Penulis: Dr. Antonius Alijoyo, ERMCP, CERG
Ketua Dewan Pengawas ICoPi
Ketua Komite Teknis 03-10: Tata Kelola, Manajemen Risiko, dan Kepatuhan – Badan Standarisasi Nasional (BSN) Indonesia.
Studi kuantitatif yang dilaksanakan oleh ECIIA, ‘Risk in Focus 2019: hot topics for internal auditors’ dan kemudian dirangkum oleh Center for Risk Management Studies (www.crmsindonesia.org), memperikirakan ada 6 potensi risiko bisnis di tahun 2019 yang perlu menjadi perhatian para pimpinan organisasi:
  1. Risiko Siber:
  2. Risiko Kepatuhan
  3. Risiko Keamanan informasi
  4. Risiko Lingkungan Kerja
  5. Risiko Pembatasan Perdagangan
  6. Risiko Kegagalan Adopsi Teknologi
ECIIA adalah ‘European confederation of institutes of internal auditing’, yaitu kolaborasi tujuh institusi auditor internal dari Perancis, Jerman, Itali, Belanda, Spanyol, Swedia dan Inggris termasuk Irlandia.

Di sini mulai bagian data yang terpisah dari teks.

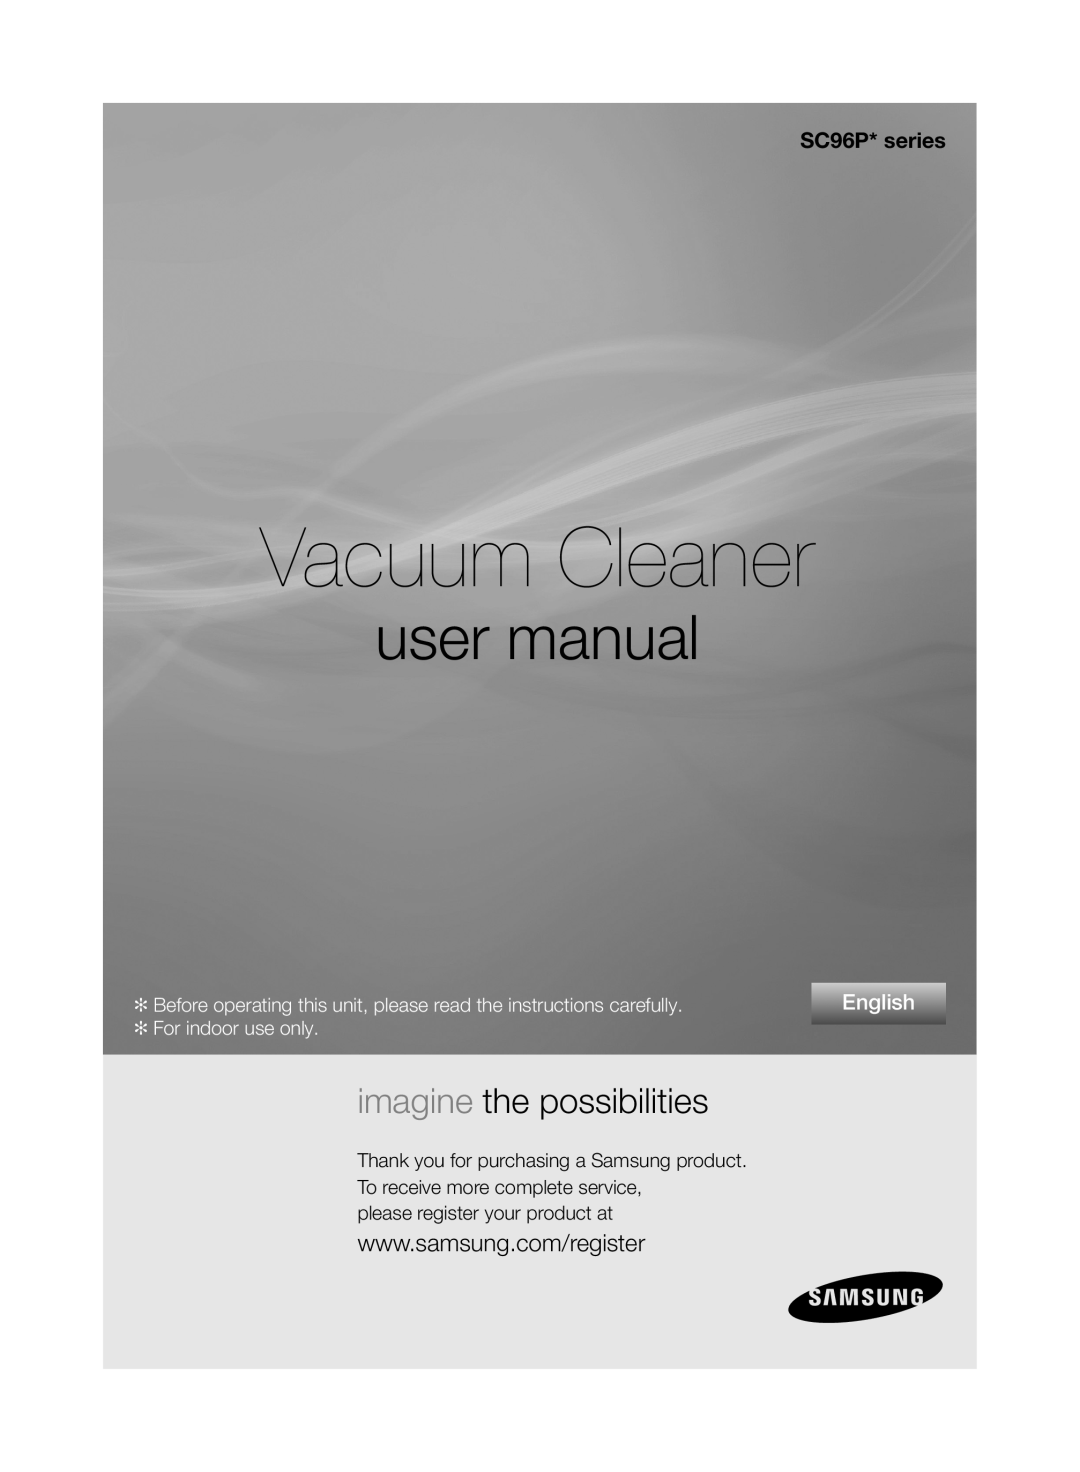 Samsung VCC96P0H1G user manual Vacuum Cleaner, imagine the possibilities, SC96P* series, English, For indoor use only 
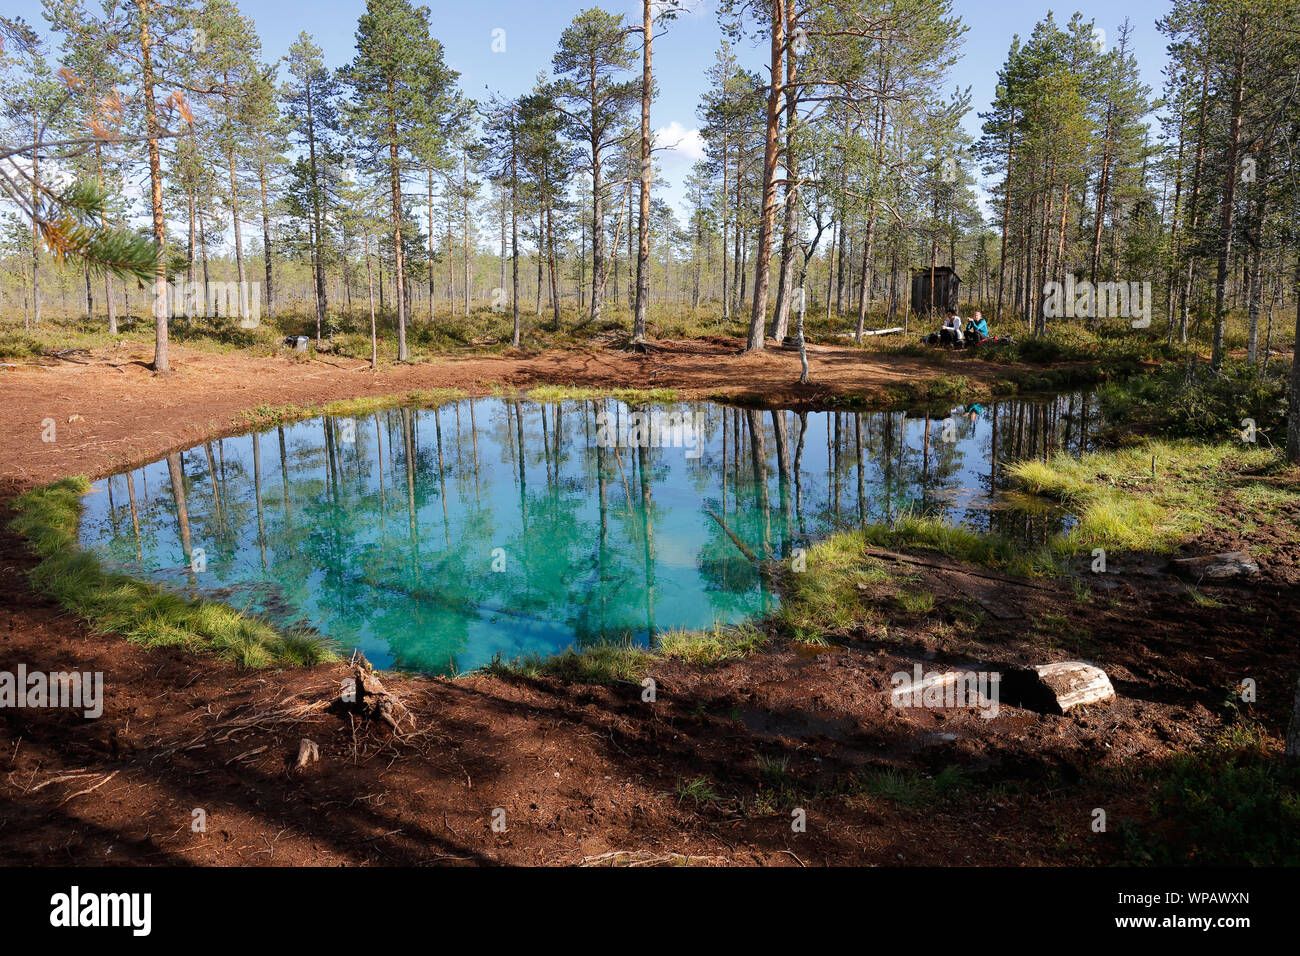 Arvidsjaur, Sweden - August 21, 2019: View of the Frog spring, Grodkallan in Swedish, with clear fresh water, located near Arvidsjaur in the Swedish p Stock Photo

Secara teratur, mereka mengeluarkan hasil studi tahunan yang umumnya dijadikan rujukan pertimbangan bagi para eksekutif pimpinan organisasi secara umumnya, dan pimpinan bidang audit internal secara khususnya dalam membuat perencanaan program audit di berbagai perusahaan besar di eropa yang sudah berskala global.
Hasil studi tersebut menempatkan risiko kepatuhan di peringkat kedua karena responden yakin bahwa risiko kepatuhan semakin berbahaya, ditandai dengan adanya tren regulasi yang saat ini semakin ketat. Selain itu, lembaga penegak hukum mulai bekerjasama secara intens di tingkat global dan lintas sektoral, serta semakin agresif dalam menganalisis pelanggaran kepatuhan, dan menjatuhkan penalti kepada industri. Fenomena global ini tercermin juga di Indonesia.
Pentingnya pengelolaan risiko hukum menjadi perhatian banyak pihak di Indonesia baik di sektor privat maupun sektor publik, ditandai dengan adanya undang-undang dan/atau peraturan-peraturan baru yang menjadi perhatian industri di antaranya Peraturan Presiden tentang penerapan Anti Suap dan Peraturan Mahkamah Agung tentang pidana korporasi. Selain itu, perlu diantisipasi lahirnya peraturan-peraturan baru terkait dengan berkembang pesatnya industri berbasis platform digital.
Salah satu respon terhadap kebutuhan di atas adalah lahirnya suatu keharusan bagi organisasi  yang menggunakan dana publik untuk mengelola risiko kepatuhan mereka secara lebih sistematis dan terstruktur. Salah satu bentuknya adalah keharusan bagi organisasi perusahaan memiliki direktur kepatuhan, yang sudah dimulai dari sektor industri perbankan, dan yang akan disusul oleh industri perasuransian.
Diyakini oleh pelaku pasar bahwa fenomena keharusan adanya direktur kepatuhan di industri perasuransian akan serupa dengan di industri perbakan yang sudah memulai praktik ini semenjak krisis keuangan di Indonesia. Lebih jauh lagi, dengan berkembang pesatnya teknologi komunikasi dan digital yang membawa kesempatan – dan sekaligus tantangan baru bagi industri jasa keuangan misal ‘fintech’, ‘insuretech’, ‘peer-to-peer lending’ akan memompa organisasi siap dengan kapasitas dan kapabilitas mengelola risiko kepatuhan mereka secara lebih dinamis.
Bagi praktisi dan profesional manajemen kepatuhan, ada baiknya mempersiapkan diri untuk meningkatkan kompetensi sehingga mampu membuat manajemen kepatuhan organisasi mereka dalam koridor yang sinkron antara menjaga kepatuhan internal dengan eksternal, sehingga organisasi menjadi dinamis alias tidak kaku, cepat tanggap alias tidak gagap, dan tangguh alias tidak rapuh.
Salah satu rujukan kompetensi yang perlu dipertimbangkan bagi profesi atau praktisi manajemen kepatuhan adalah kompetensi berbasis ISO 19600 (catatan ISO 19600 sudah diadopsi menjadi SNI ISO 19600: Sistem Manajemen Kepatuhan) sehingga bukan saja kompetensi individual profesi manajemen kepatuhan yang terbangun, tetapi juga kompetensi kolektif organisasi dalam membangun sistem manajemen kepatuhan secara menyeluruh.